Brown has been planning to get involved in advocacy work since her son’s death. It was the recent deadly school shooting in Parkland, Florida, that spurred her to action now, she said.
She hasn't been able to watch much of the coverage of the event — she says she knows too well what victims' families are feeling. But she has been particularly inspired by the high school students who, after losing their classmates in the attack, have launched gun control lobbying efforts at the state and national levels.

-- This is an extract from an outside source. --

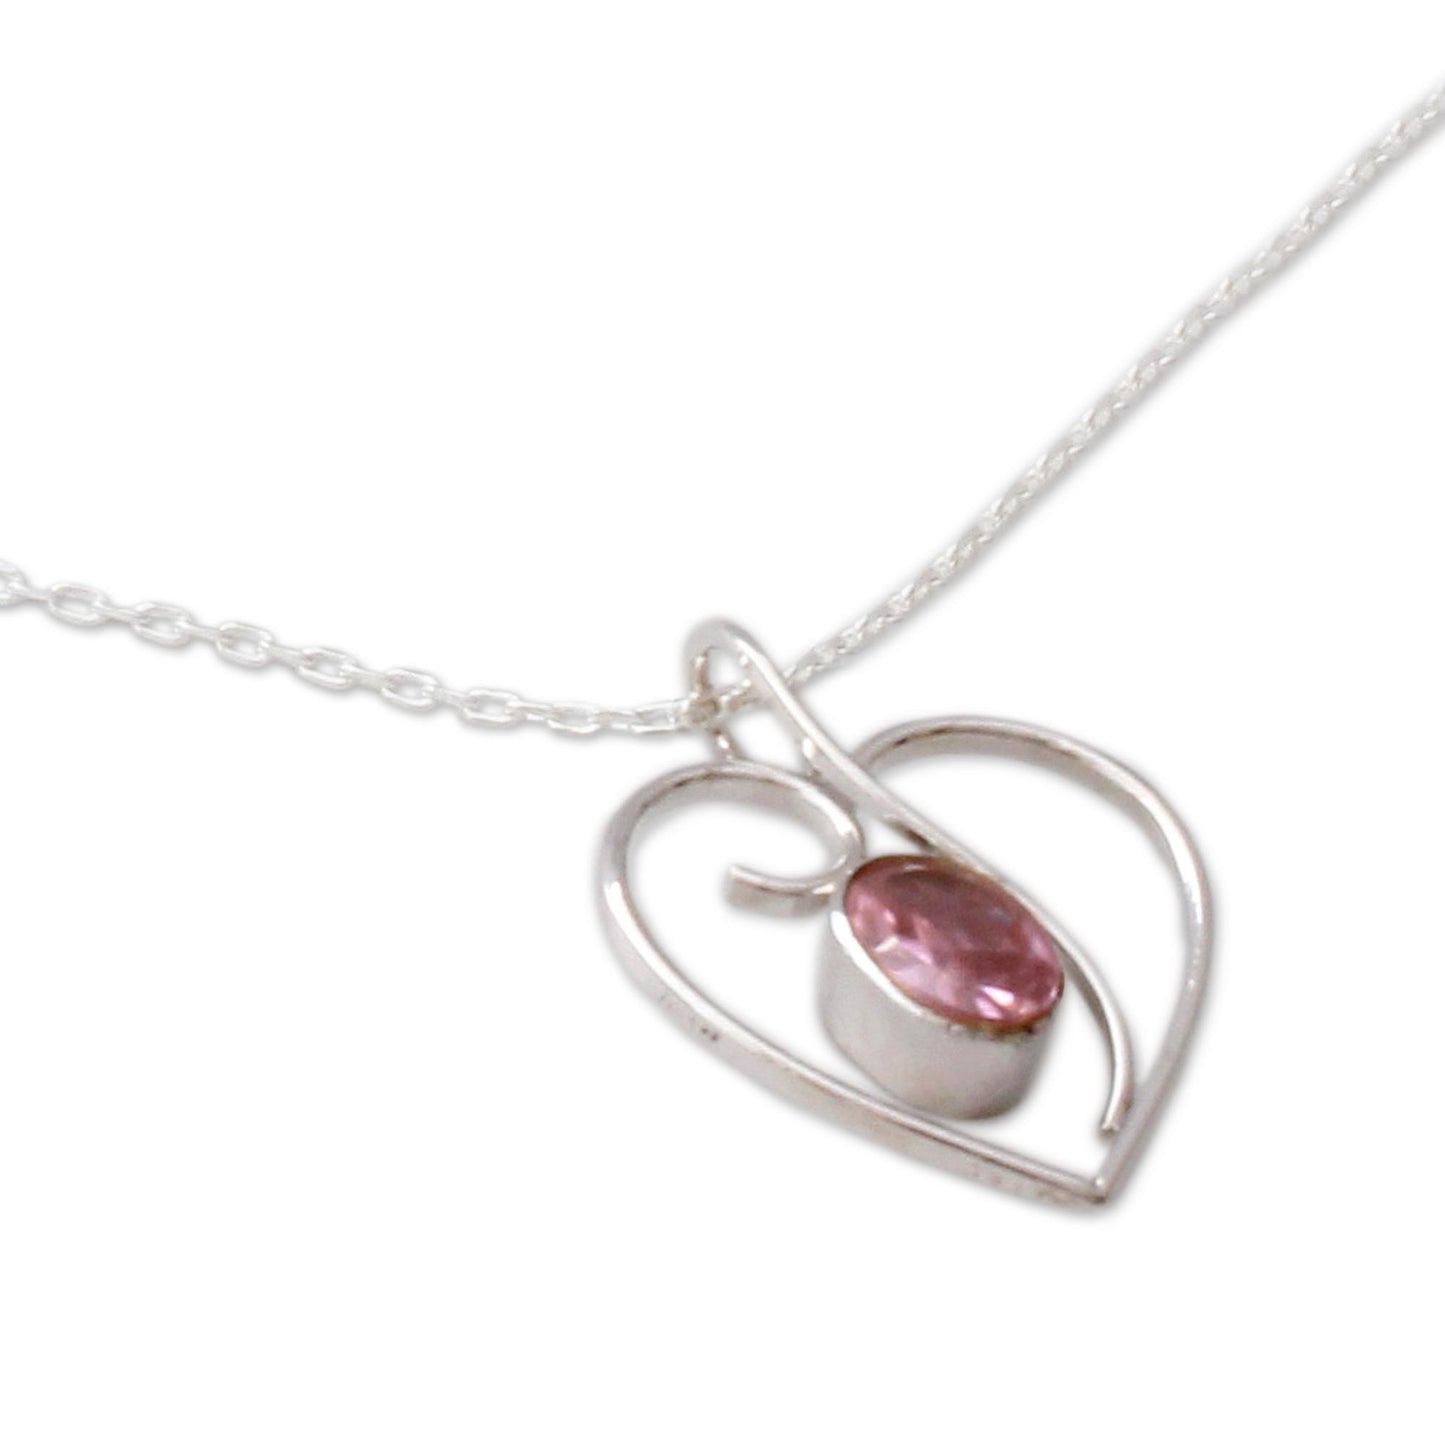 Pink Romance Heart Jewelry Necklace in Sterling Silver and Pink CZ

"Watching those students make their way to Tallahassee — and just the passion and how eloquently they spoke, their purpose — I just thought, 'They're doing something,'" she said. "More people need to be doing this. And that's when I thought, 'I need to be out there — now is the time for me.'"
Brown is petite, and she speaks firmly and forcefully, with the unique determination of a mother who has lost a son. Her ideas are not yet fully formed, but she’s just getting started. She and her older son, John, promised each other they would.
“I’m doing the right thing,” she said last week, with conviction. “I need to be out there — for Harrison.”
Disclosure: The University of Texas at Austin has been a financial supporter of The Texas Tribune, a nonprofit, nonpartisan news organization that is funded in part by donations from members, foundations and corporate sponsors. Financial supporters play no role in the Tribune's journalism. Find a complete list of them here.
Correction: A previous version of this article misstated the number of Texas House representatives who voted against HB 1935. Three members voted against it.